2- Allah’ın peygamberleri ve onlara tâbi olan ümmetleri hakkındaki hikmet ve sünnetinin bir defa lehlerine, bir defa da aleyhlerine cereyan etmesidir. Ama nihâî sonuç lehlerine olur. Çünkü devamlı onlar gelip gelseler, içlerine samimi iman edenler de başkaları da girerler; doğru ve samimî olan öbürlerinden ayırt edilemezdi.

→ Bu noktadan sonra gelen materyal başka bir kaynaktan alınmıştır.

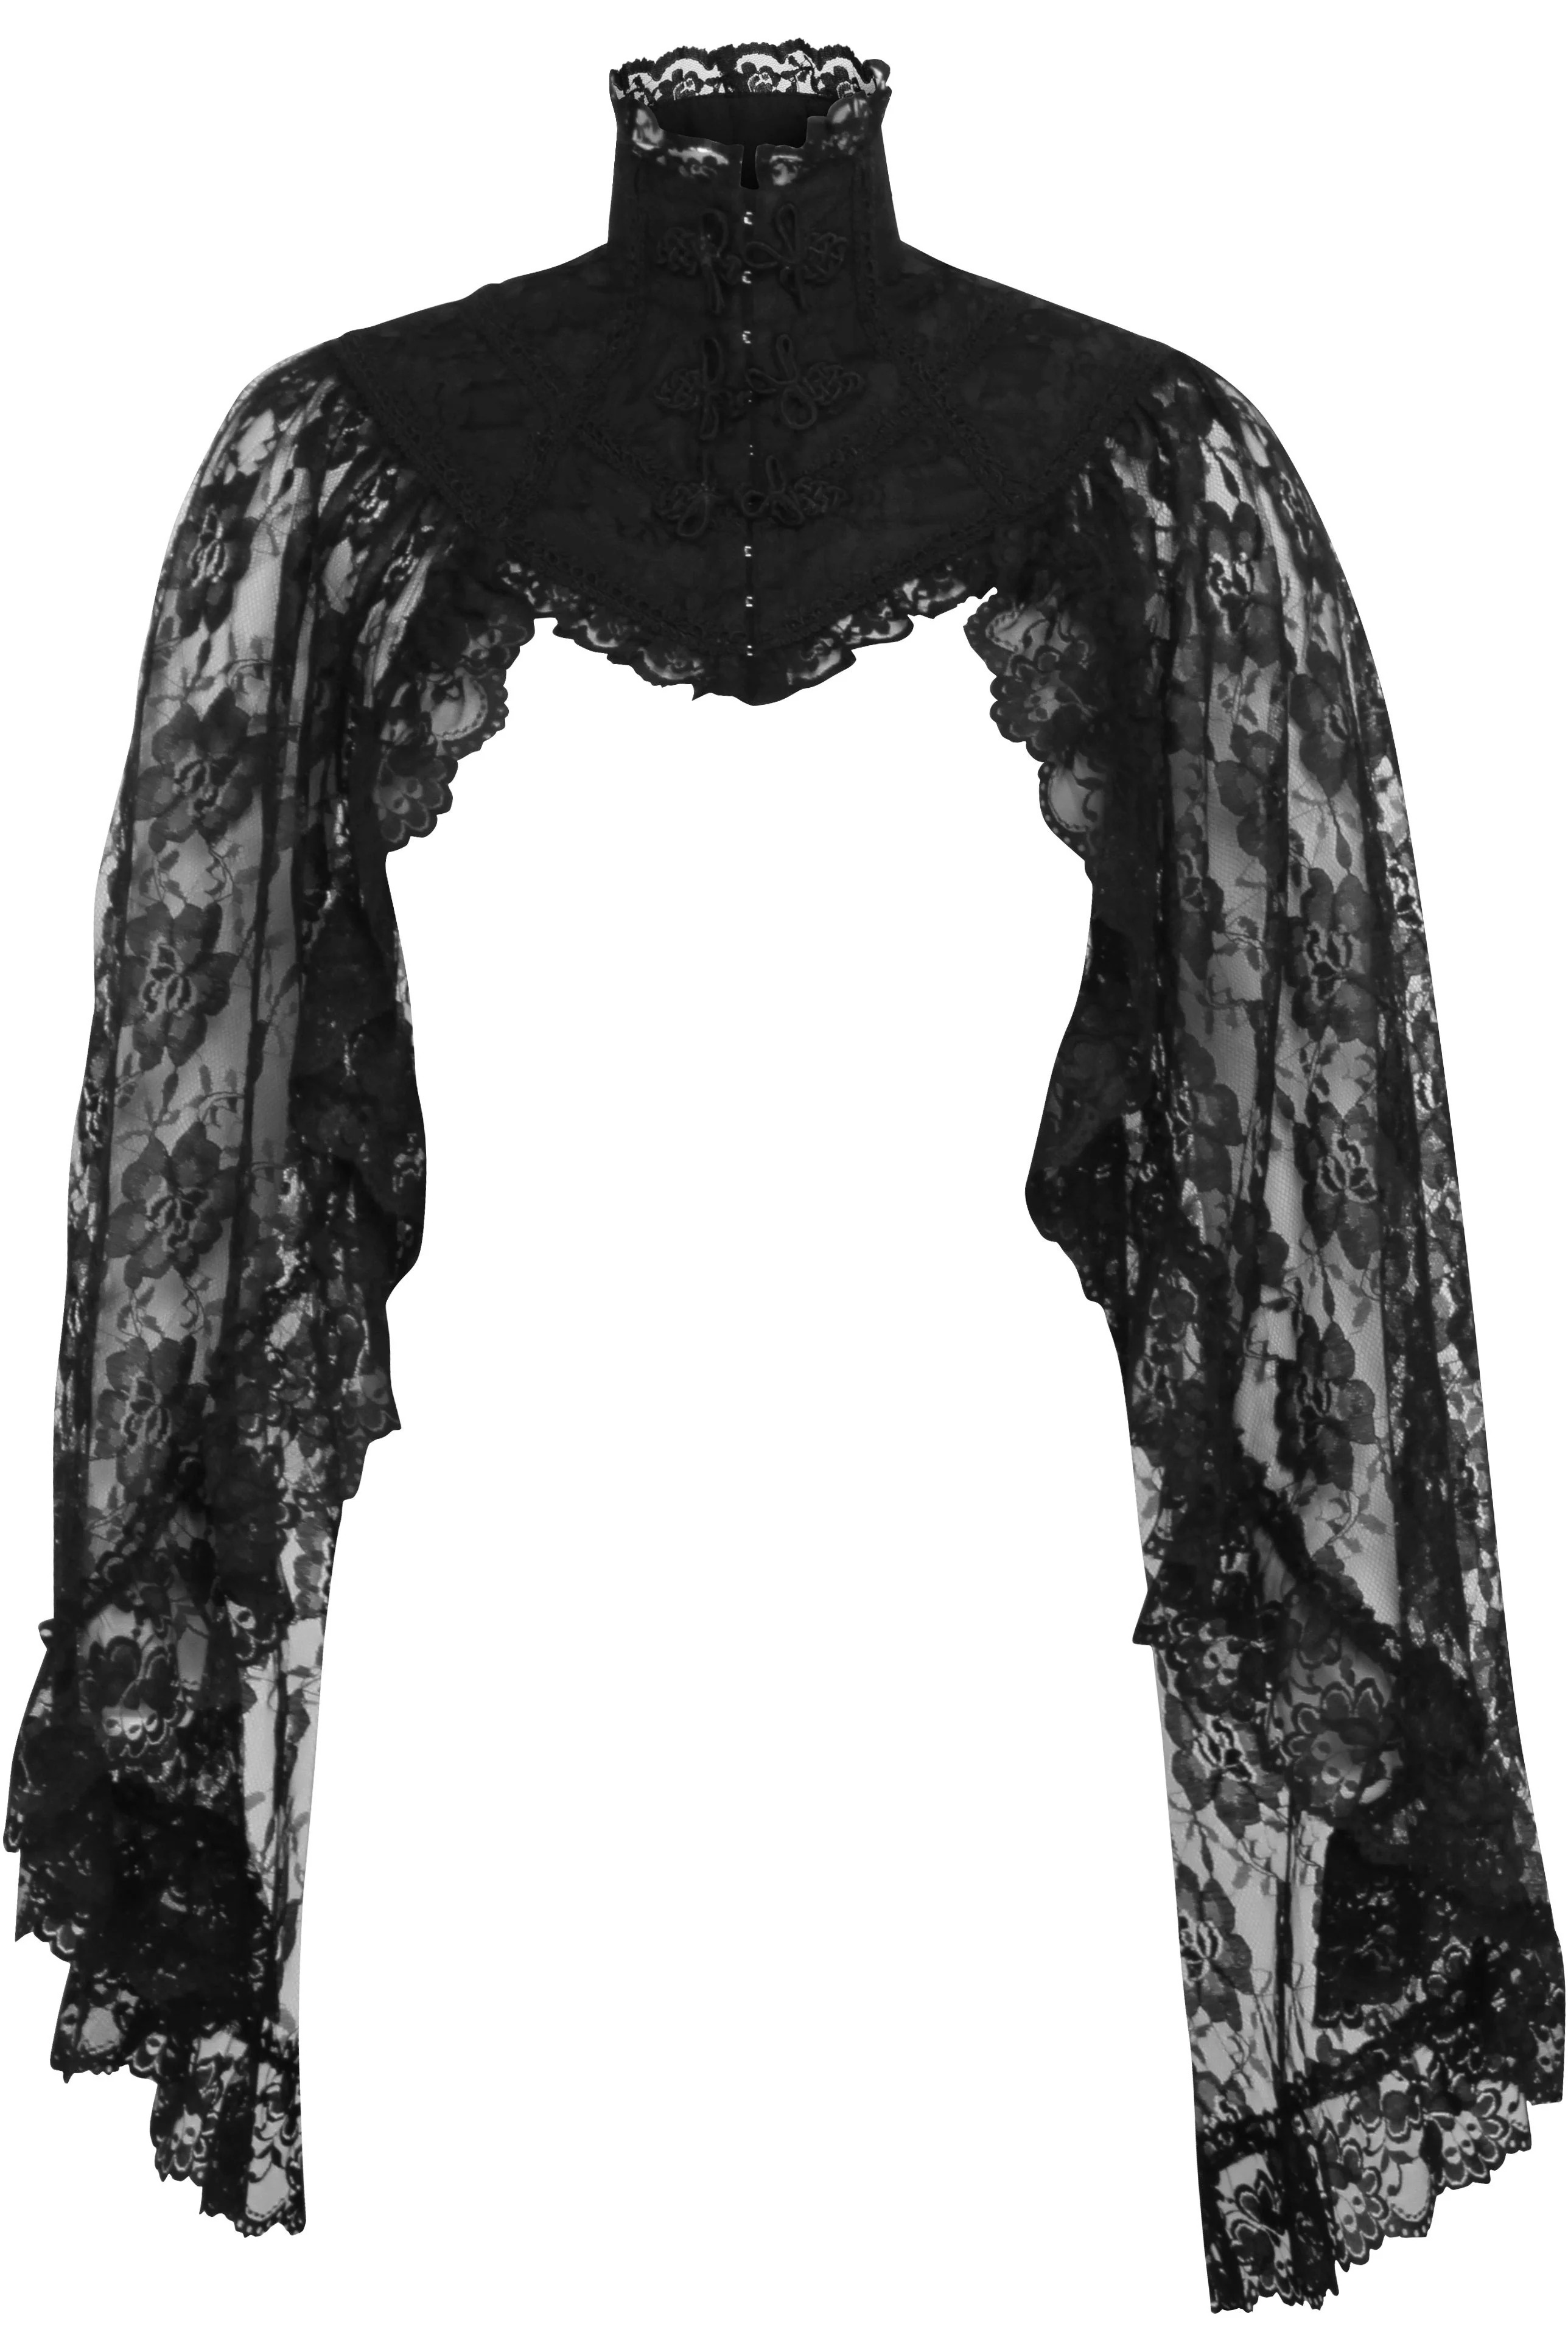 Adult Black Lace Sleeved Bolero Women Jacket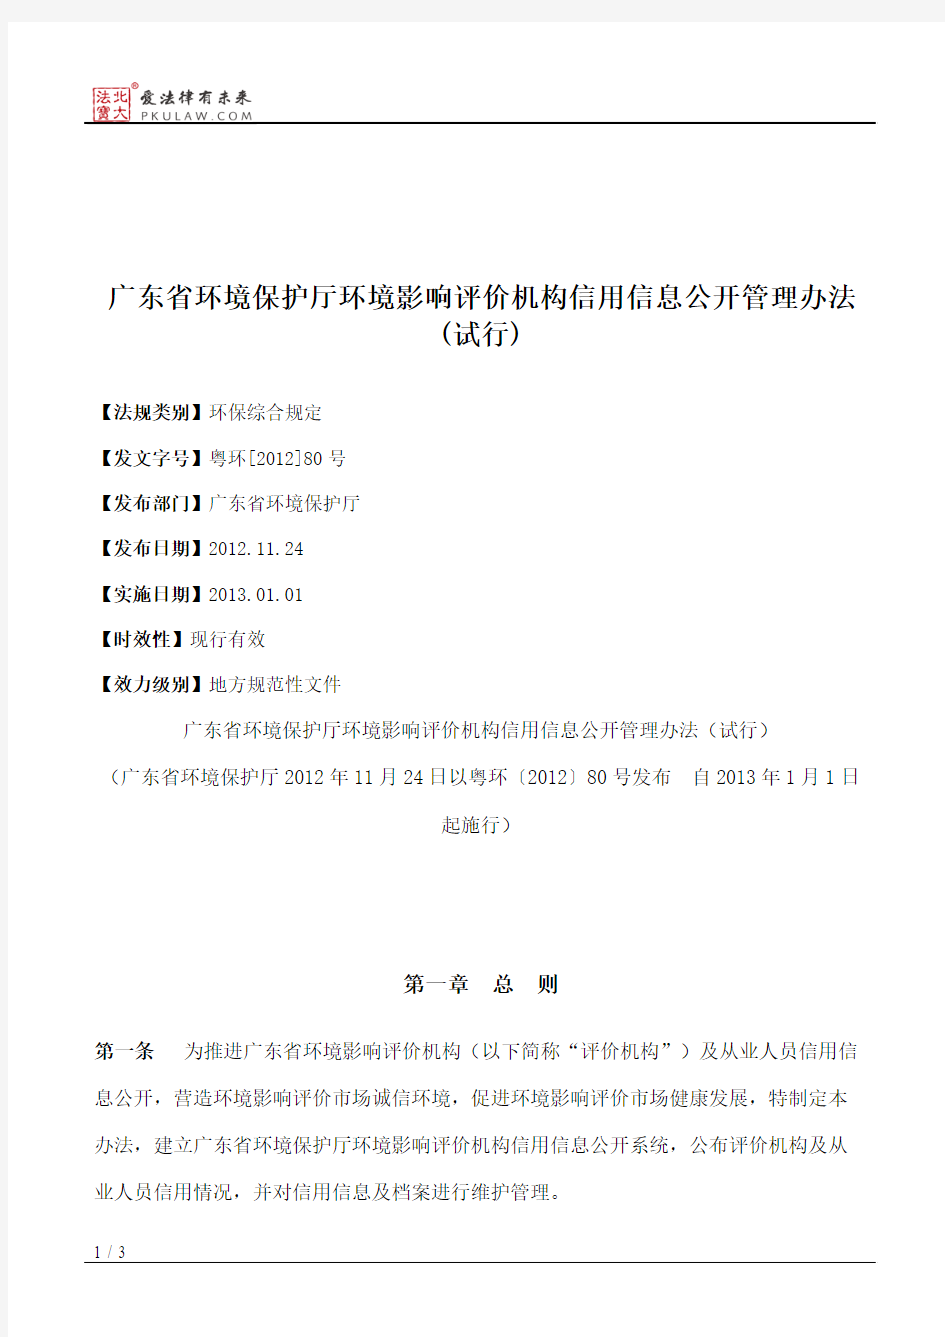 广东省环境保护厅环境影响评价机构信用信息公开管理办法(试行)

3- Doğru ve samimî mü’minin yalancı münafıktan ayırt edilmesi. Çünkü Bedir savaşında, Allah Müslümanları düş- manlarına galip getirip şöhretleri etrafa yayılınca, aslında İslâm’a girmeyen kimseler, görünüşte onlarla birlikte İslâm’a girdiler. Allah’ın hikmeti, kullarına, mü’minlerle münafıkları birbirinden ayırt edecek bir sıkıntıyı sebep kılmayı gerektirdi. Münafıklar bu savaşta (Uhud’da) başlarını gösterdiler, içlerinde gizlediklerini konuştular, mü’minler de böylece kendi yurtlarında bazı düşmanlarının olduğunu öğrenip onlara karşı önlem aldılar ve ihtiyatlı olmaya çalıştılar.

4- Allah’ın dost ve taraftarlarının iyi günde ve kötü günde, sevdiklerinde ve sevmediklerinde, düşmana galip geldiklerinde ve düşman kendilerine galip geldiğinde, kulluğun nasıl olacağını öğrenmeleri. Sevdikleri ve sevmedikleri hususlarda itaat edip, kulluğun gereğini yerine getirirlerse, Allah’ın gerçek kulu olurlar.

5- Allah devamlı onlara yardım etse, onları her yerde düşmanlarına galip getirse, onlara düşmanı yenme imkânını, kâfirlere de devamlı yenilmeyi takdir etse azgınlaşır, gururlanıp kibirlenirlerdi. Kulları ancak bolluk ve darlık, sıkıntı ve rahatlık bir arada olunca yola getirir.

6- Allah onları yenilgi, kırılma ve hezimetle imtihan edince, boyunlarını eğip durumu kabullendiler. Allah’ın verdiği üstünlük ve yardımı hak ettiler.

7- Yüce Allah mü’min kullarına ikram yurdu olan cennette öyle mevki ve dereceler hazırlamıştır ki kullar onlara amelleri ile ulaşamazlar. Oraya ancak bela ve sıkıntılara sabretmekle ulaşılır. Allah da kullarını oralara ulaştıracak bela ve imtihan sebeplerini vermiştir.

8- Nefisler devamlı iyi durumda olmaktan, muzaffer ve zengin olmaktan dolayı, azgınlaşırlar ve geçici olan dünyaya meylederler. Bu, nefisleri Allah’a ve âhiret yurduna giderken ciddiyetten alıkoyan bir hastalıktır. Yüce Rab o nefislerin iyiliğini isteyince, o hastalığın ilacı olarak bela ve imtihanı verir. O bela ve imtihan, hastaya acı ilacı içiren ve hastalığı gidermek için ağrı yapan damarları kesen doktor gibi olur.

9- Allah katında şehitlik, onun dostlarına verdiği en büyük derecelerdendir. Şehitler, onun has ve yakın kullarıdır. Sıddîklik derecesinden sonra, şehitlikten başka derece yoktur.

Bu dereceye ulaşmanın yolu da ancak düşmanı musallat ederek ona götüren sebeplerin takdiriyle olur.

10- Yüce Allah düşmanlarını helak edip yok etmeyi isteyince, onlara helak olup yok olmalarını gerektiren sebepleri hazırlar. Kâfirlikten sonra azmaları, Allah’ın dostlarına aşırı derecede eziyet etmeleri, onlarla savaşarak başlarına bela kesilmeleri, bu sebeplerin en büyüklerindendir. Böylece, Allah’ın dostları günah ve kusurlarından arınırlar, düşmanlarının da, yok olma ve helak olma sebepleri artar. (Zâdu’l-Meâd, III/218–222. Kısaltılarak.)